• _EXERCISE REQUIREMENTS_: Wherever a picture sits, omit it. Output the rest of the listing exactly.

• _DATA SEGMENT_:
—————

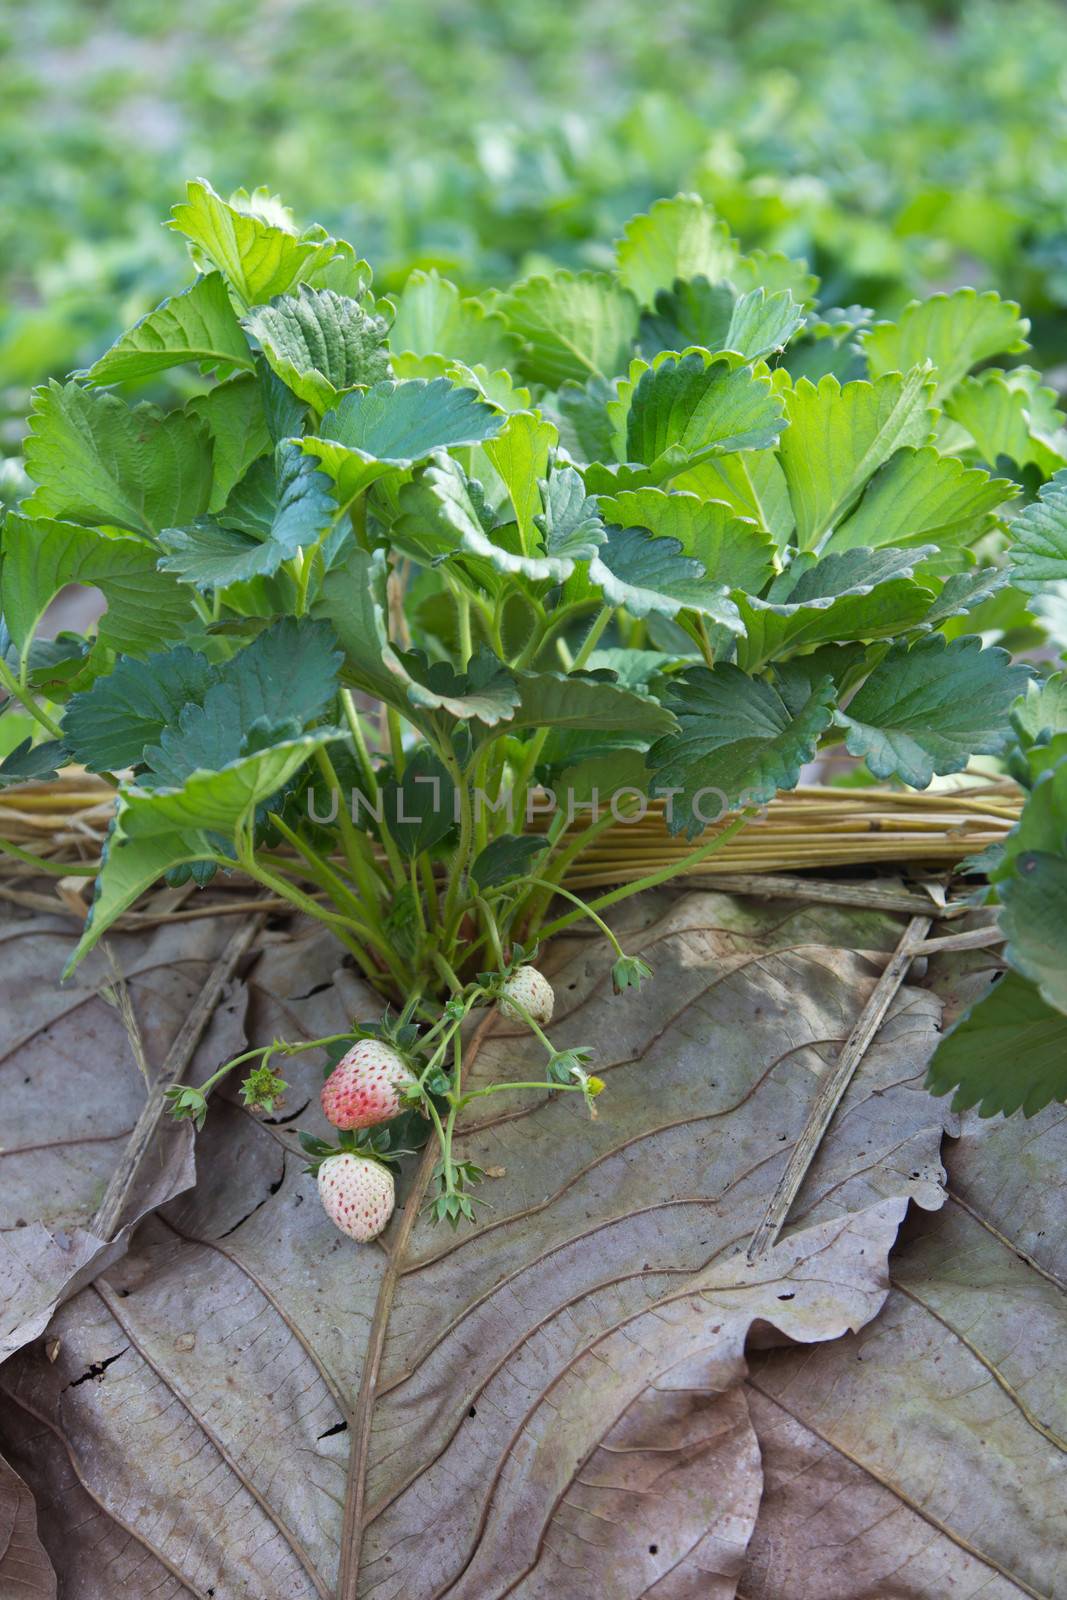 Strawberry and blossom on strawberry plant in strawberry patch.
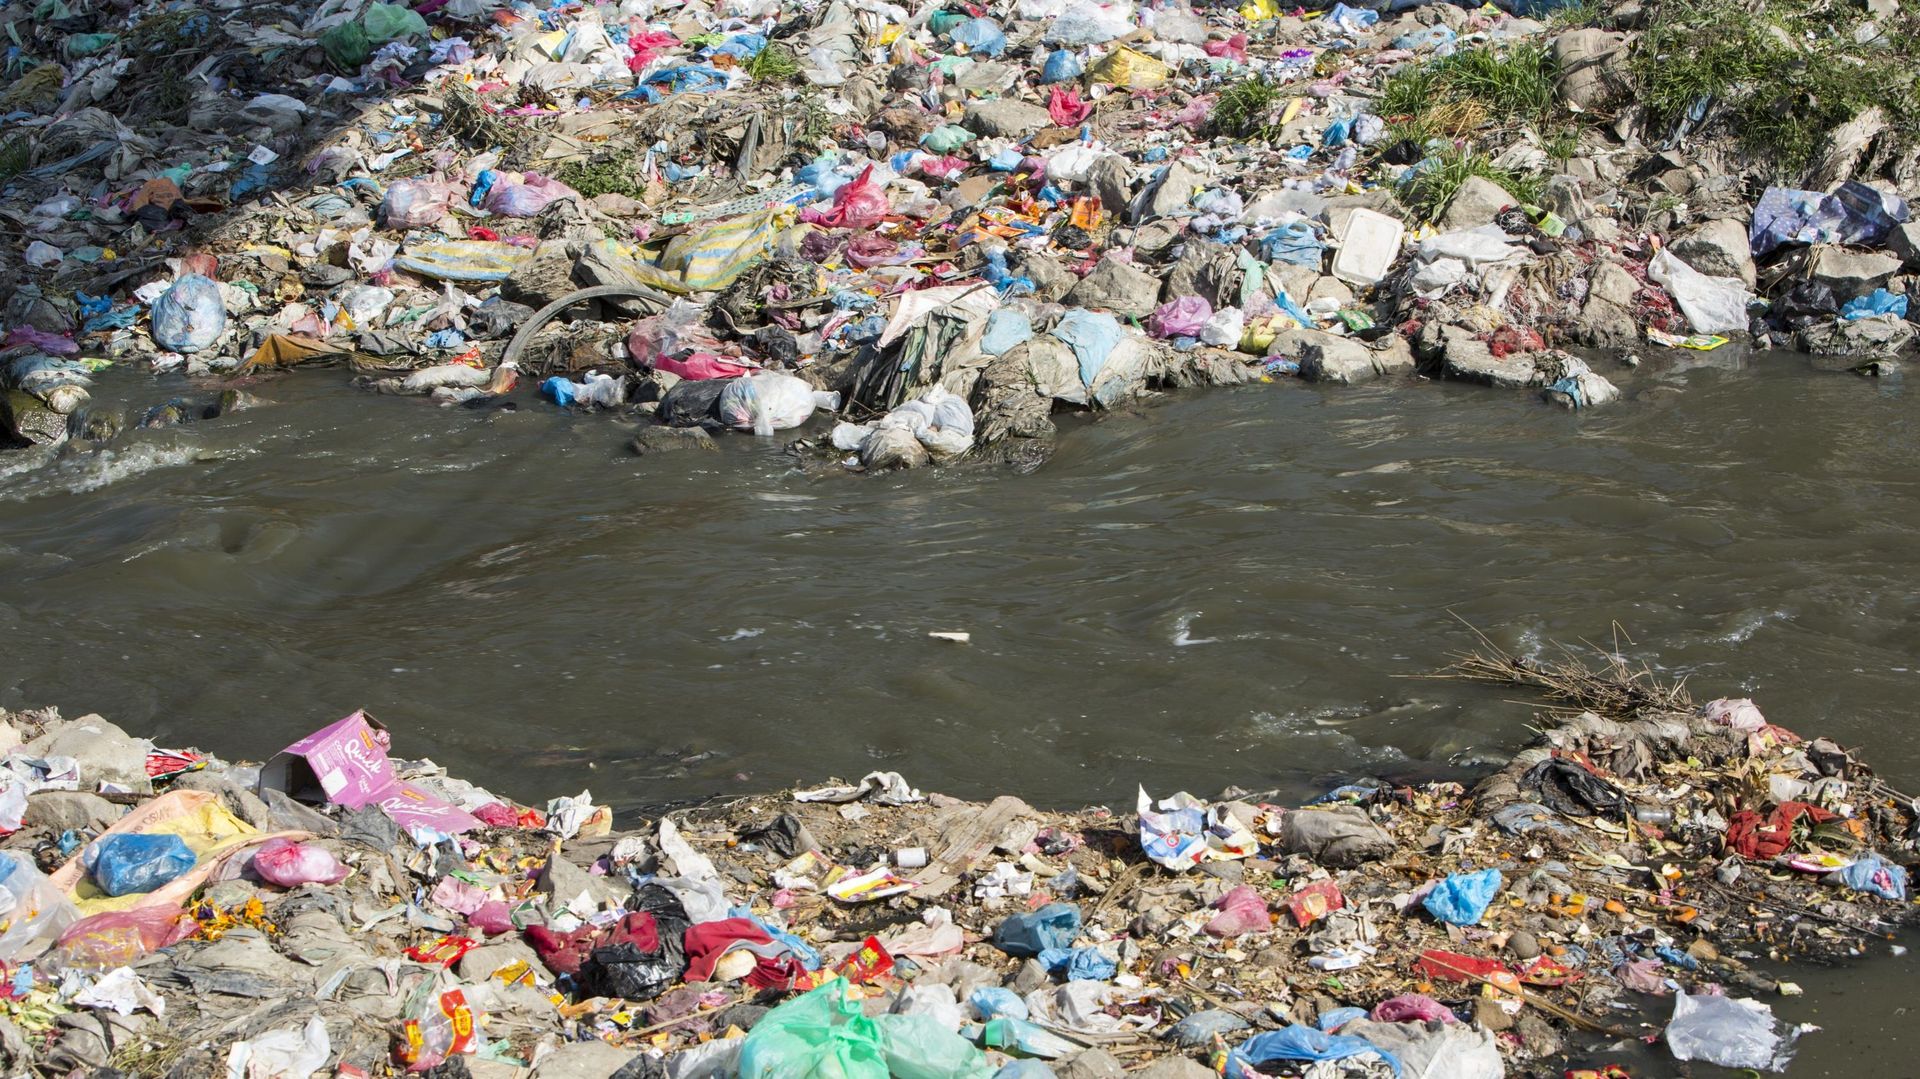 The Bagmati river running through Kathmandu in Nepal. The river is full of litter and raw sewage
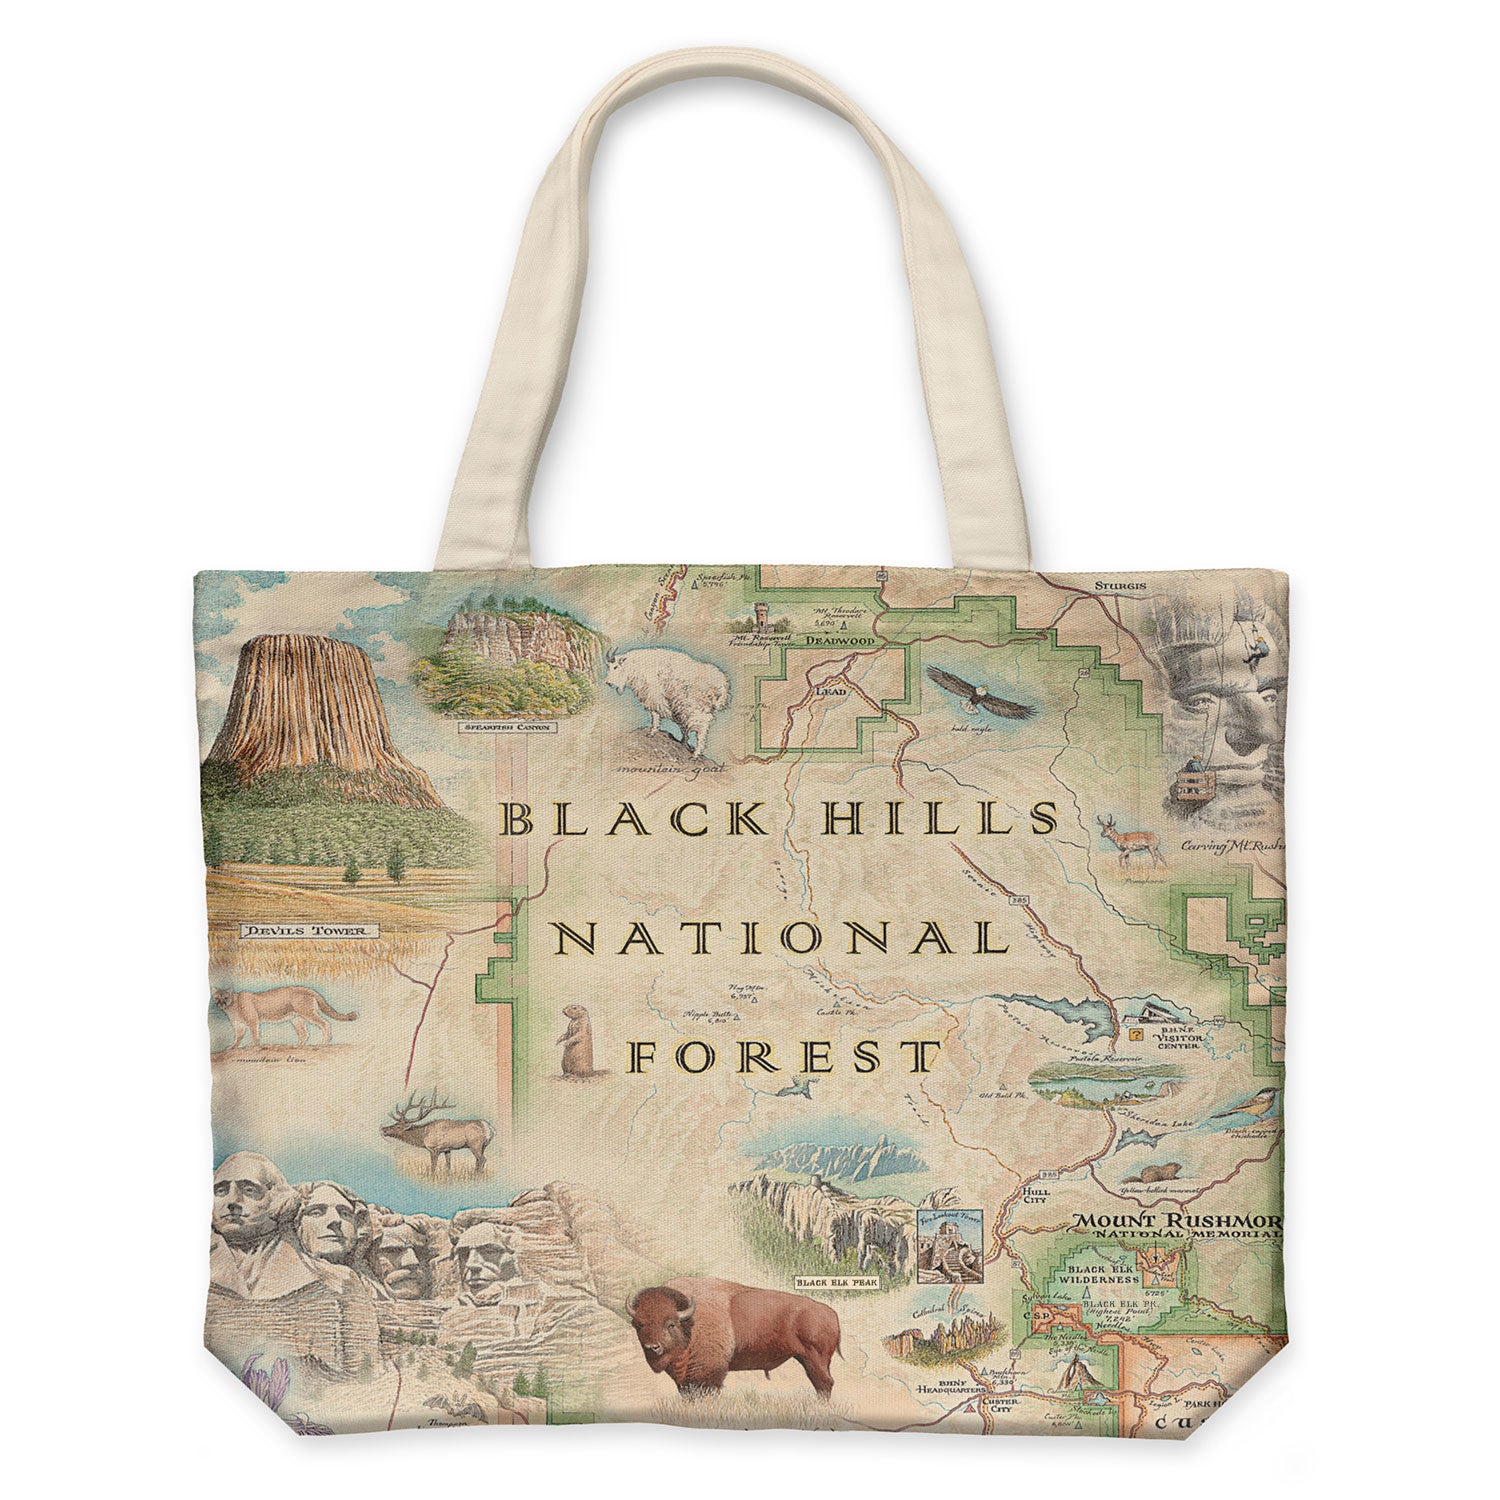 Black Hills National Forest Map Canvas Tote Bag in earth tone colors. Featuring cities like Rapid City, Spearhead, Rapid City, and Sturgis. Mount Rushmore, Devils Tower, Jewel Cave National Monument, Custards, and Wind Cave National Park. Flora and Fauna illustrations include bison, elk, mountain goats, birds, pine trees, and native flowers. 
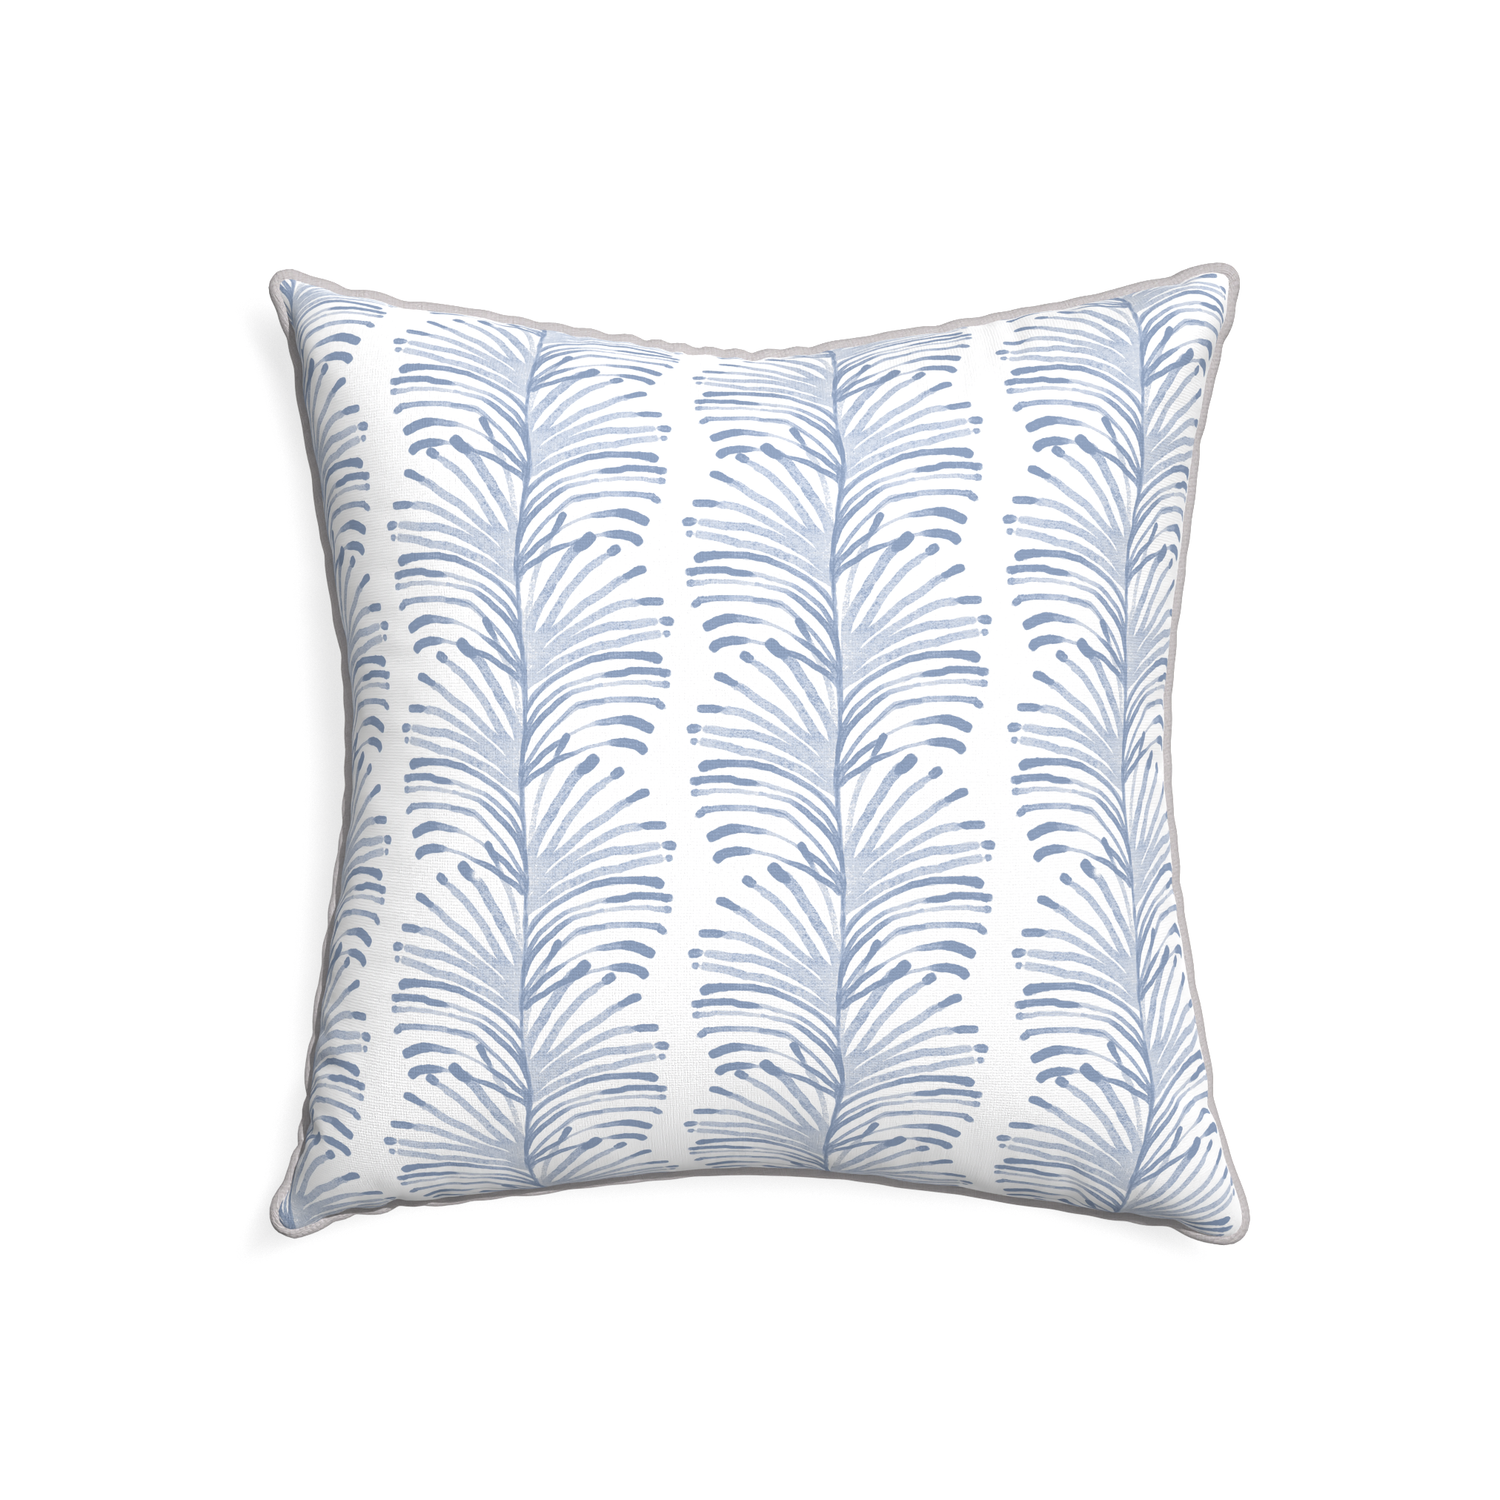 22-square emma sky custom sky blue botanical stripepillow with pebble piping on white background

—————

• _WORKED SOLUTION_:
 Strawberry and blossom on strawberry plant in strawberry patch.
 The Bagmati river running through Kathmandu in Nepal. The river is full of litter and raw sewage
 Black Hills National Forest Map Canvas Tote Bag in earth tone colors. Featuring cities like Rapid City, Spearhead, Rapid City, and Sturgis. Mount Rushmore, Devils Tower, Jewel Cave National Monument, Custards, and Wind Cave National Park. Flora and Fauna illustrations include bison, elk, mountain goats, birds, pine trees, and native flowers. 
 22-square emma sky custom sky blue botanical stripepillow with pebble piping on white background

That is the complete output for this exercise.